Pictures are to be dropped, and only the lines from the one containing "King Thermostat Wiring Diagram" through the end of the data below are to be reproduced as written.

→ DATA BLOCK
★ ★ ★ ★ ★ ★ ★

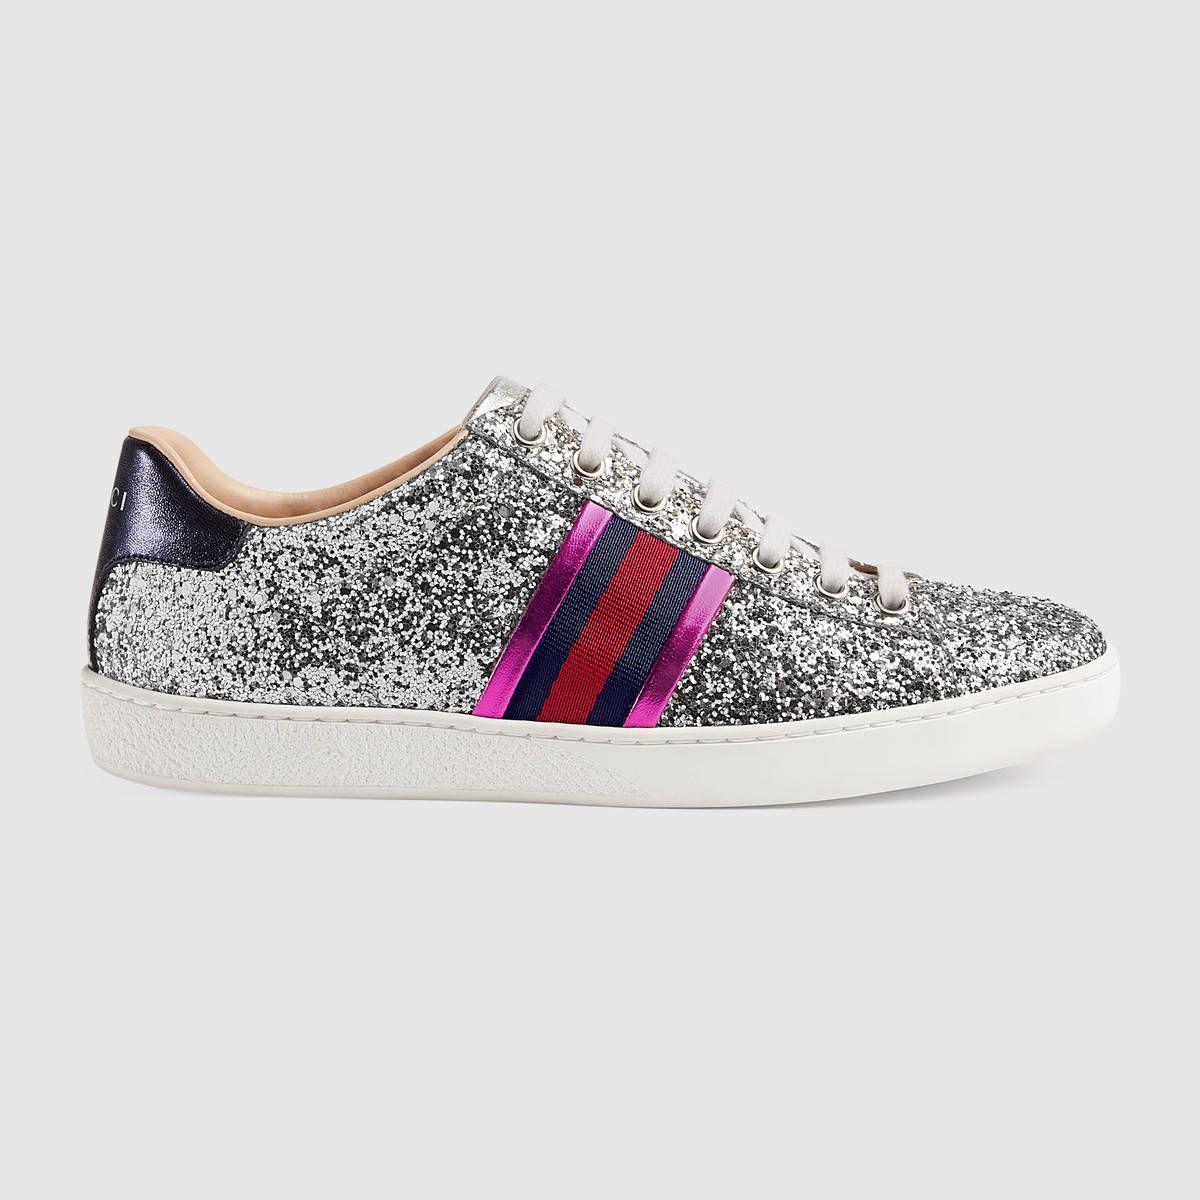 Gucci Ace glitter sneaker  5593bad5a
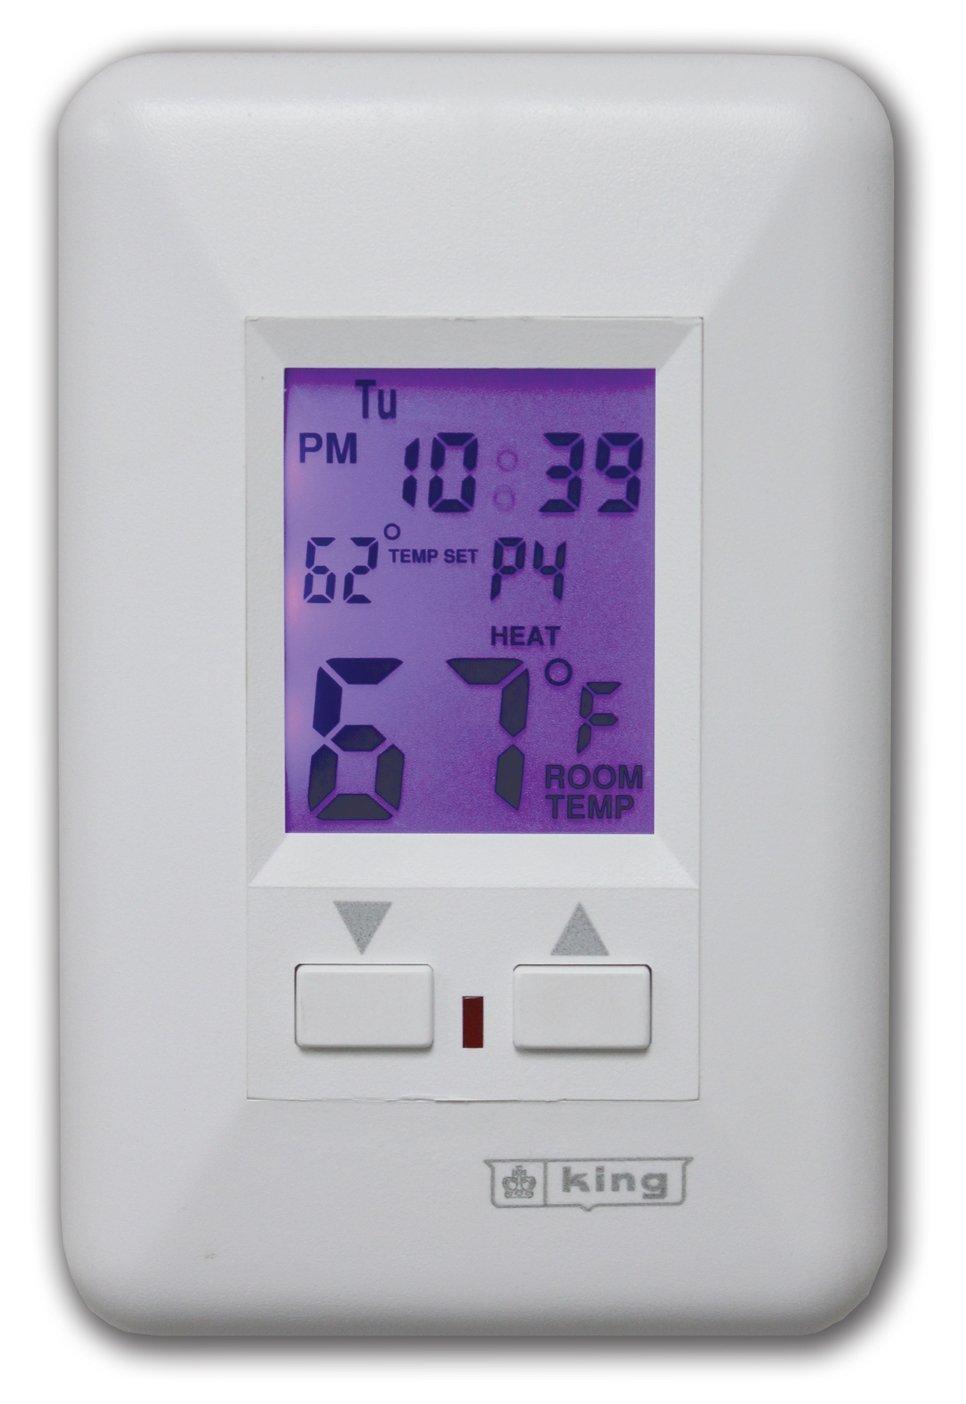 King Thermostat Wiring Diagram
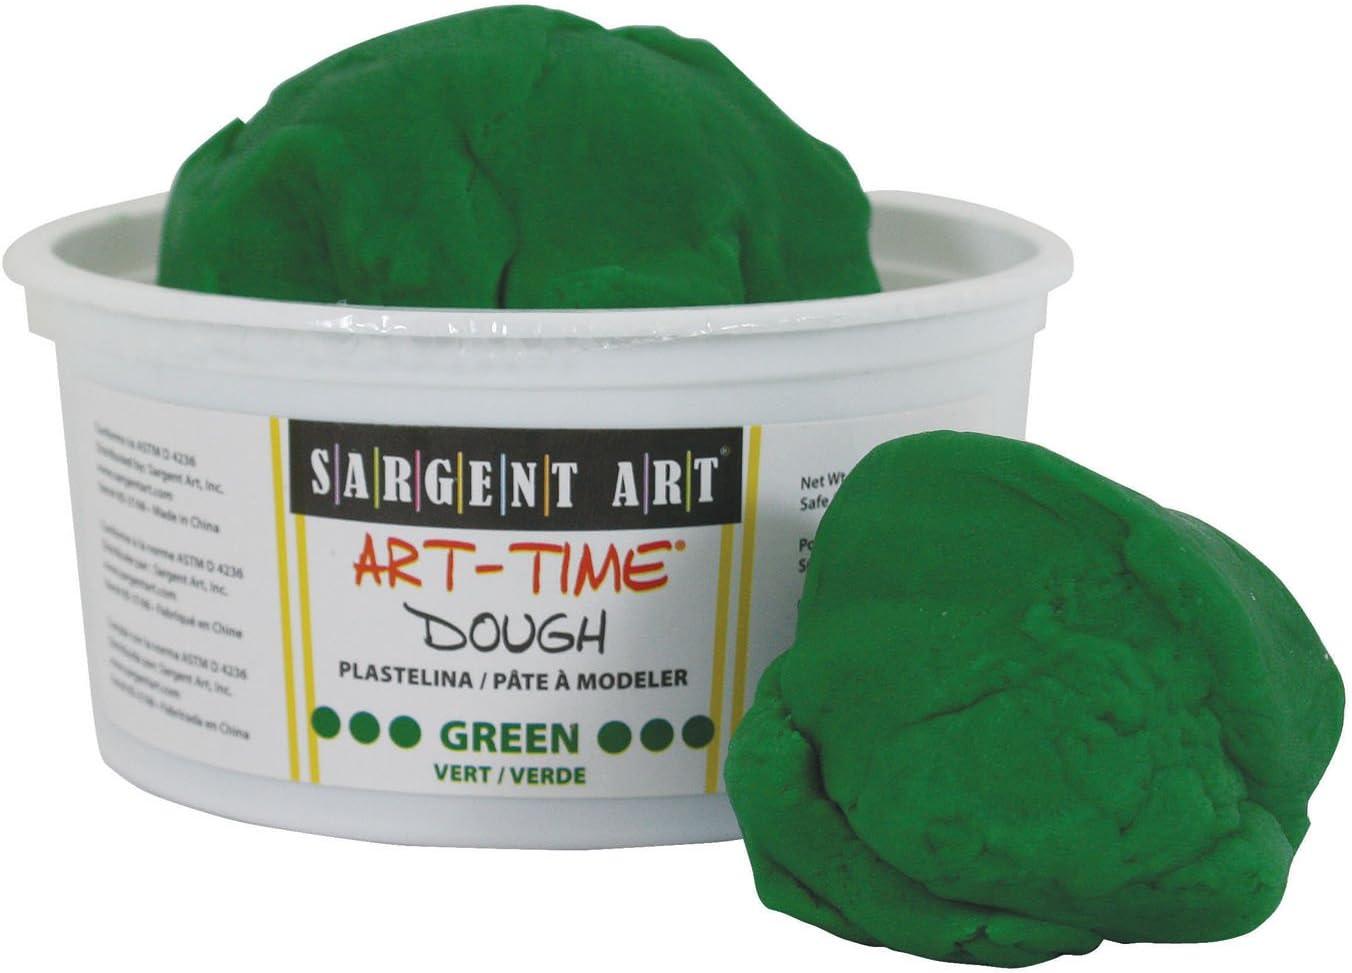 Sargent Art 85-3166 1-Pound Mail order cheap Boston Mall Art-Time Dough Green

★ ★ ★ ★ ★ ★ ★

→ TASK ANSWER
 King Thermostat Wiring Diagram
 Sargent Art 85-3166 1-Pound Mail order cheap Boston Mall Art-Time Dough Green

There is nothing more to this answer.